◆ YOUR TASK
Within the records, tally the lines that contain "pregnancy" and reply with that number only.

*** LISTED ENTRIES Section Begins ***

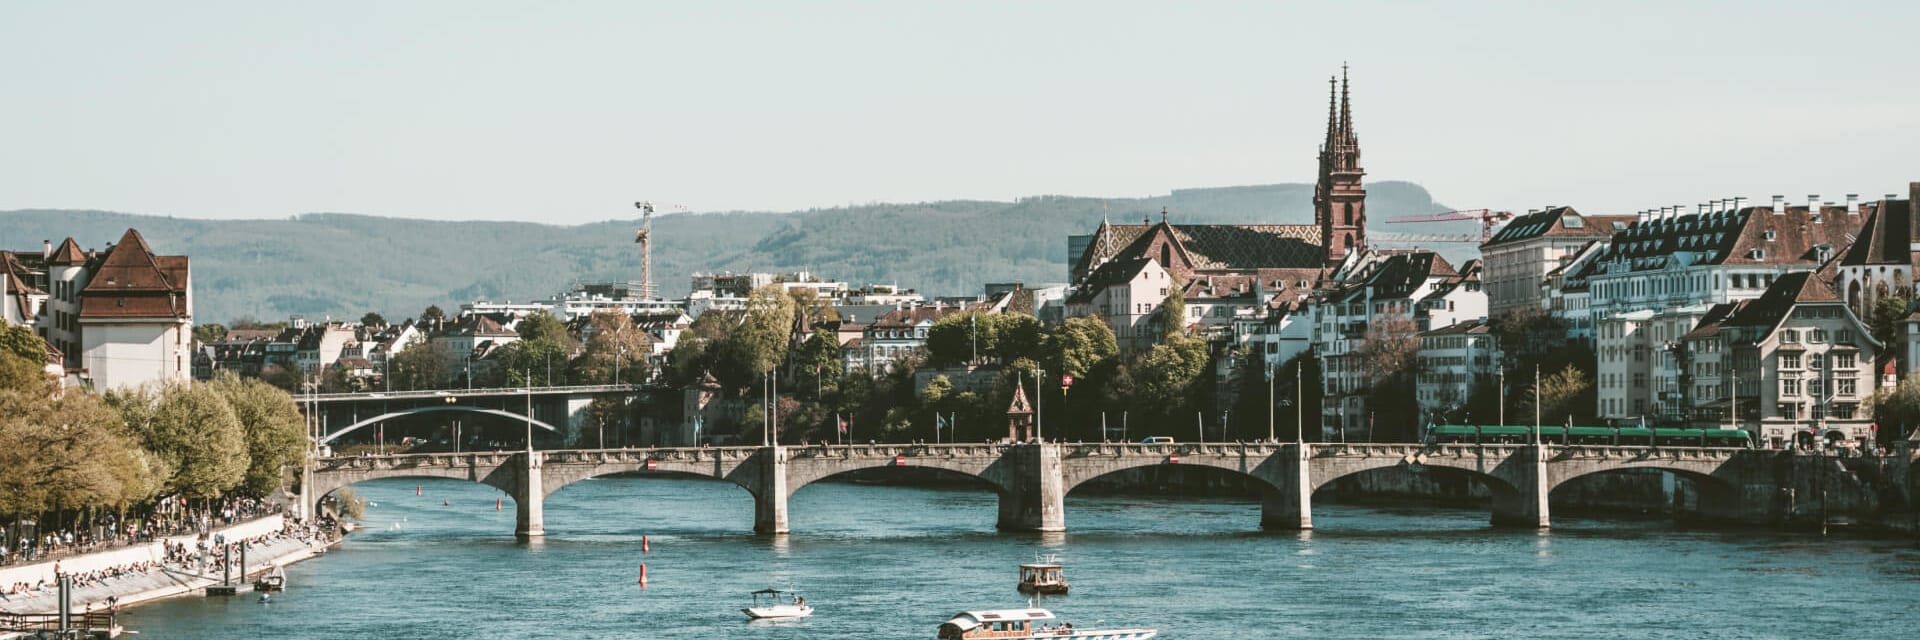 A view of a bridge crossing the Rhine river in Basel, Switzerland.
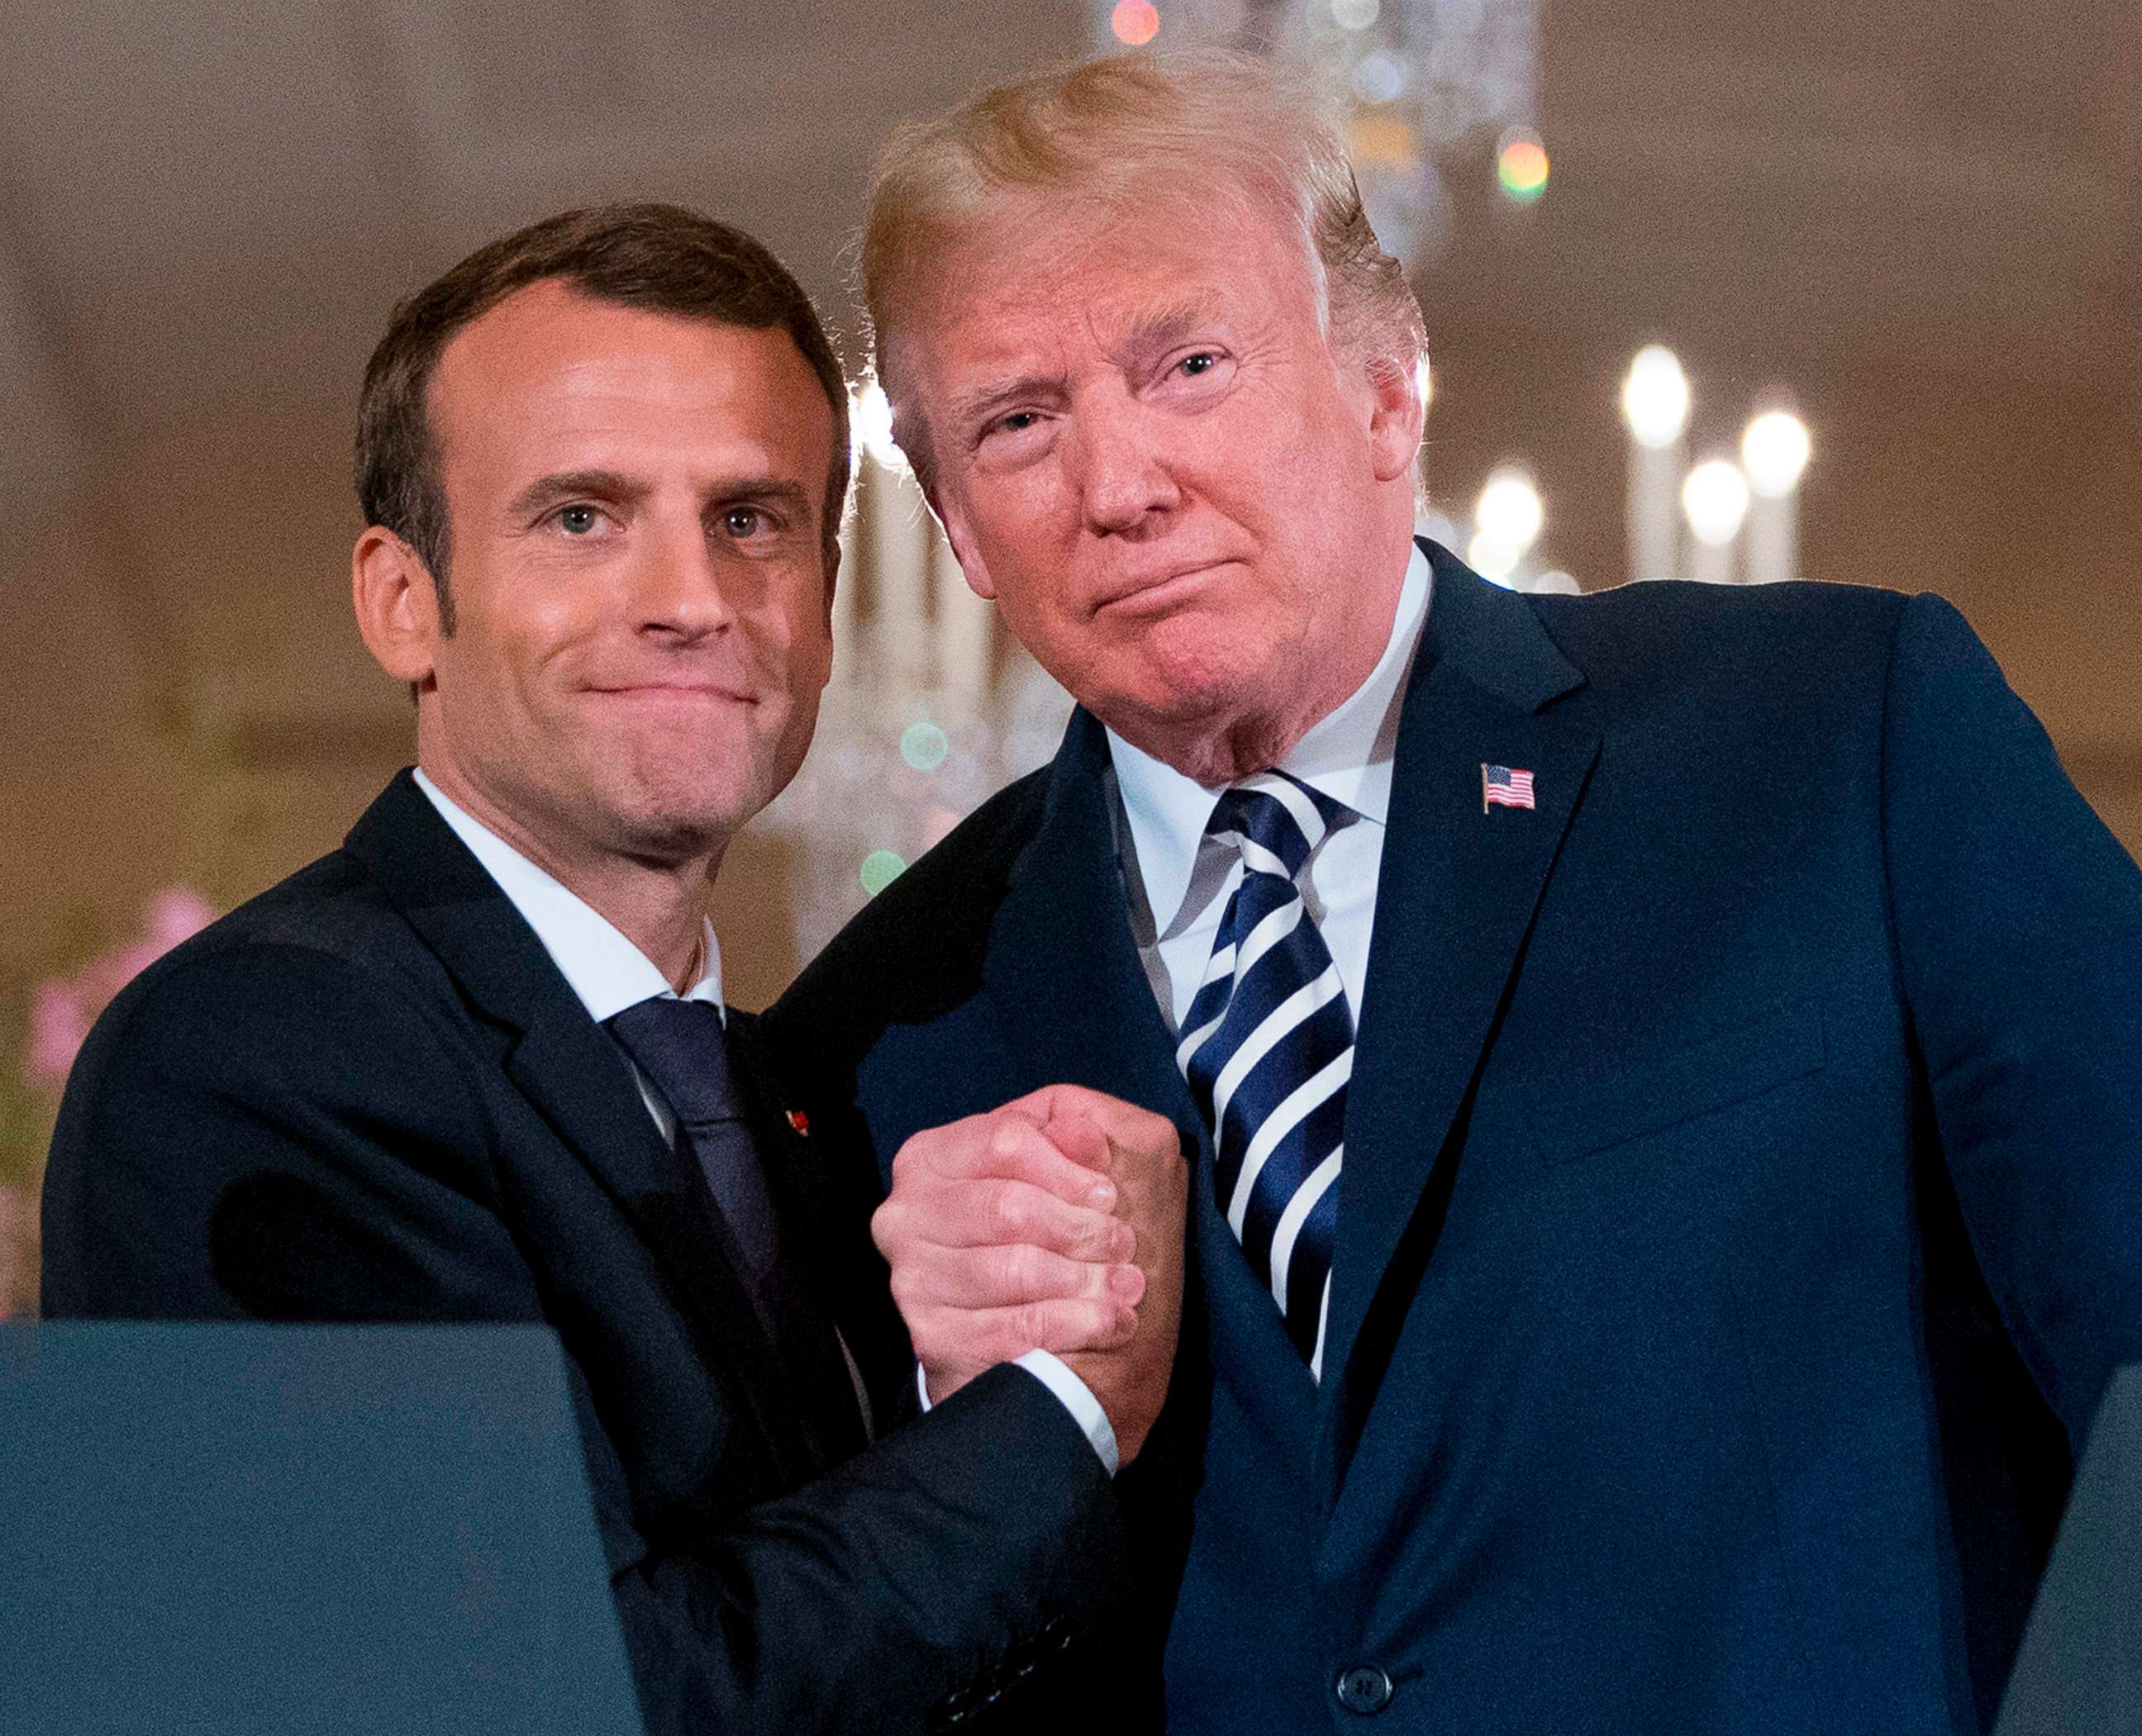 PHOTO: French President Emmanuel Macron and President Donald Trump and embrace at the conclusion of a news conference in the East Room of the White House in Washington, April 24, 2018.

*** LISTED ENTRIES Section Ends ***
*** LISTED ENTRIES Section Begins ***

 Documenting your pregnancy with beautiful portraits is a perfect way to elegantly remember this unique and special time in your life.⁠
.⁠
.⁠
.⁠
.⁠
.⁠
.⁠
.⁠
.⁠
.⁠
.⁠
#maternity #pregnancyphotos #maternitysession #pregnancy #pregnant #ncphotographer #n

*** LISTED ENTRIES Section Ends ***

◆ THE ANSWER
2